See: Process Management Analysis for detailed documentation

Retry Strategy

Algorithm

For each service attempt (1 to maxRetries):
  1. Start service with timeout protection
  2. Wait 2 seconds for initialization
  3. Run health check with timeout
  4. If healthy → SUCCESS
  5. If unhealthy:
     - Kill the unhealthy process
     - Wait with exponential backoff (2^attempt seconds)
     - Retry

If all retries exhausted:
  - Required service → THROW ERROR (blocks startup)
  - Optional service → RETURN DEGRADED STATUS (continue)

Backoff Schedule

Attempt Delay Before Retry
1 0s (immediate)
2 2s
3 4s
4 8s

Timeout Protection

Each service startup attempt has two timeouts:

  1. Startup Timeout: Process must start within timeout (default: 30s)
  2. Health Check Timeout: Health verification must complete within 10s

If either timeout expires → Attempt fails, retry or degrade

Health Verification

Port-Based Health (Old Approach)

# PROBLEM: Port open ≠ server working
if lsof -i :8080 > /dev/null; then
    echo "✅ VKB running"  # FALSE POSITIVE!
fi

HTTP Health Checks (Robust Approach)

// SOLUTION: Actual HTTP health endpoint verification
const healthCheck = createHttpHealthCheck(8080, '/health');

const healthy = await healthCheck(); // true only if HTTP 200 OK

VKB Server Health Endpoint (/health):

{
  "status": "healthy",
  "timestamp": 1729764523.456,
  "server": {
    "port": 8080,
    "pid": 12345,
    "uptime": 45.2
  }
}

Process-Based Health (PID verification)

For background processes without HTTP endpoints:

const healthCheck = createPidHealthCheck();

const serviceInfo = await startService();
const healthy = await healthCheck(serviceInfo);  // Checks if PID is running

Usage

Normal Startup (Robust Mode - Default)

./start-services.sh

Output example:

🚀 Starting Coding Services (Robust Mode)...
✨ Using robust startup mode with retry logic and graceful degradation

═══════════════════════════════════════════════════════════════════════
🚀 STARTING CODING SERVICES (ROBUST MODE)
═══════════════════════════════════════════════════════════════════════

📋 Starting REQUIRED services (Live Logging System)...

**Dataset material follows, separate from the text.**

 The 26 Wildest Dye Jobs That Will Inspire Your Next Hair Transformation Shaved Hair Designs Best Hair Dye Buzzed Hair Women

[ServiceStarter] ✅ Transcript Monitor started successfully on attempt 1/3
[ServiceStarter] ✅ Live Logging Coordinator started successfully on attempt 1/3

🔵 Starting OPTIONAL services (graceful degradation enabled)...

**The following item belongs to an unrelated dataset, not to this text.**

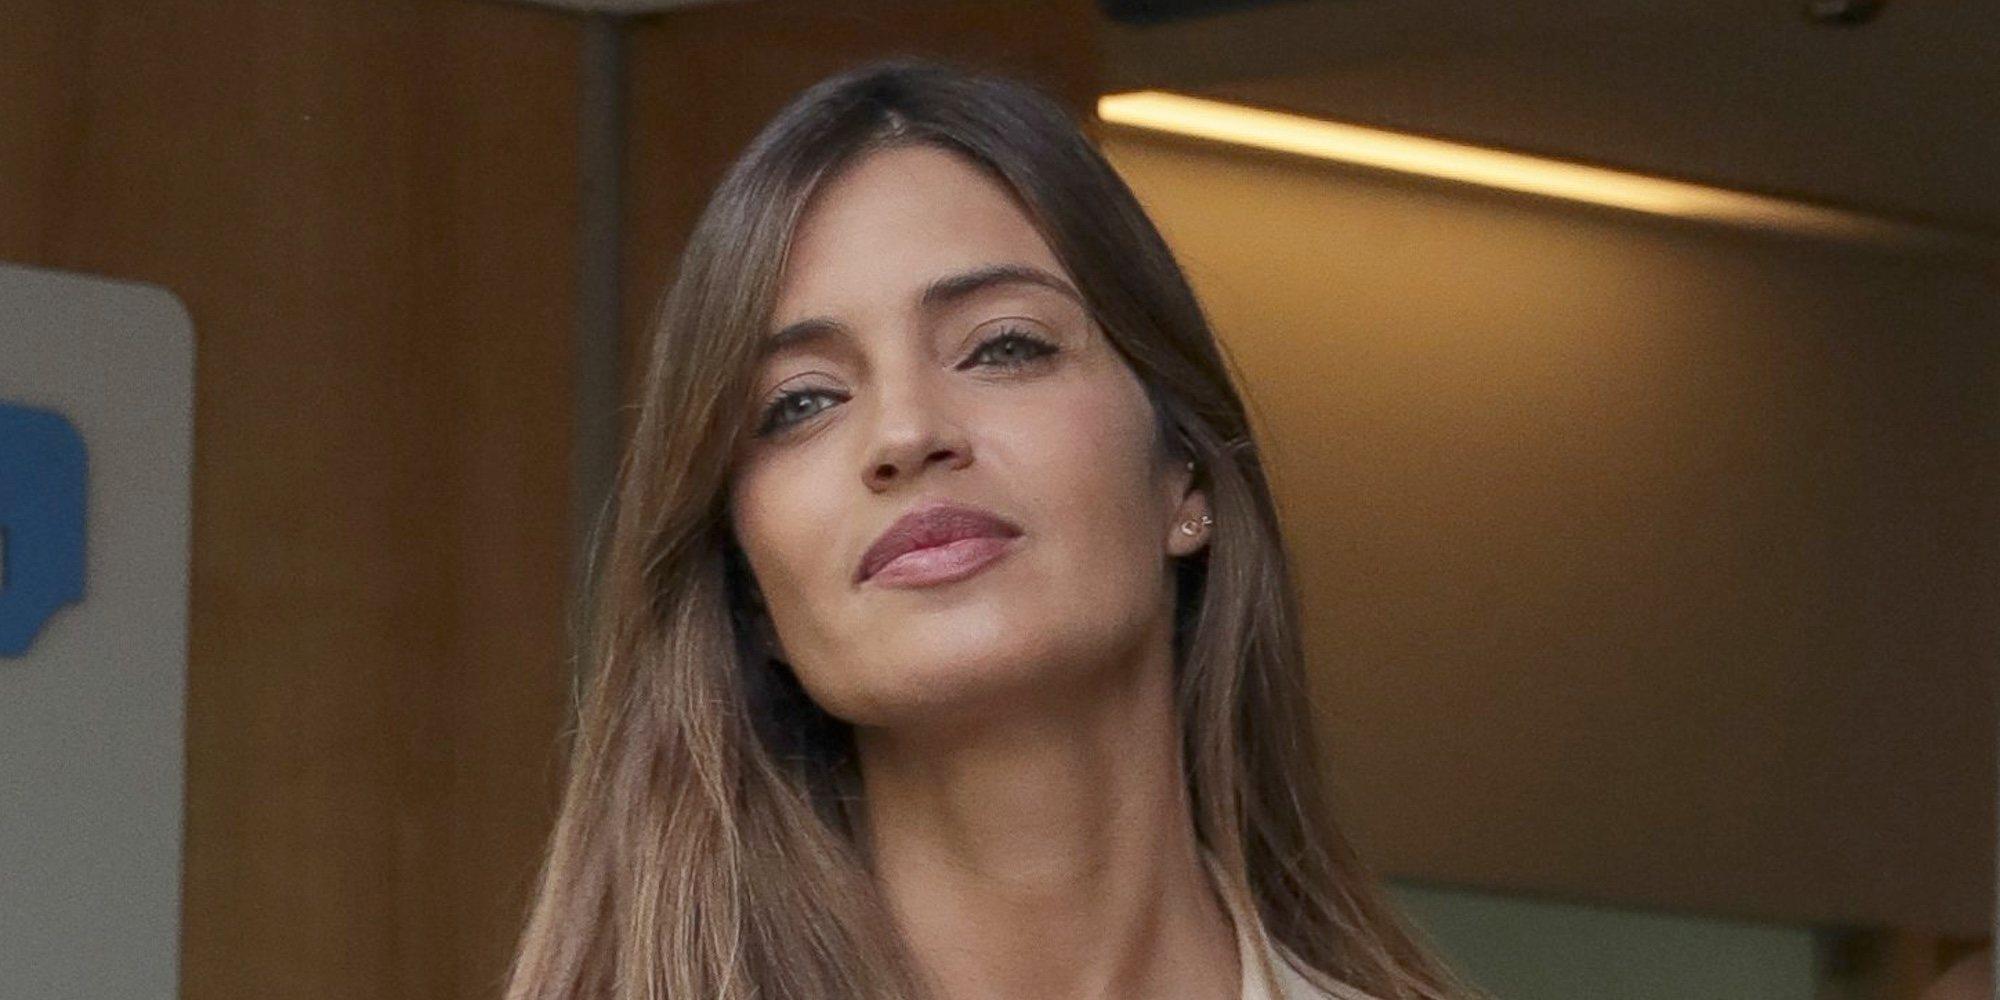 Se retrasa la salida del hospital de Sara Carbonero

[ServiceStarter] ✅ VKB Server started successfully on attempt 1/3
[ServiceStarter] ⚠️  Constraint Monitor failed after 2 attempts - continuing in DEGRADED mode

═══════════════════════════════════════════════════════════════════════
📊 SERVICES STATUS SUMMARY
═══════════════════════════════════════════════════════════════════════

✅ Successfully started: 3 services
   - Transcript Monitor
   - Live Logging Coordinator
   - VKB Server

⚠️  Degraded (optional failed): 1 services
   - Constraint Monitor: Docker not running - required for Constraint Monitor

🎉 Startup complete in DEGRADED mode!

ℹ️  Some optional services are unavailable:
   - Constraint Monitor will not be available this session
═══════════════════════════════════════════════════════════════════════

Legacy Mode (No Retry Logic)

ROBUST_MODE=false ./start-services.sh

Use only for debugging or if robust mode has issues.

Failure Scenarios

Scenario 1: VKB Server Fails (Optional Service)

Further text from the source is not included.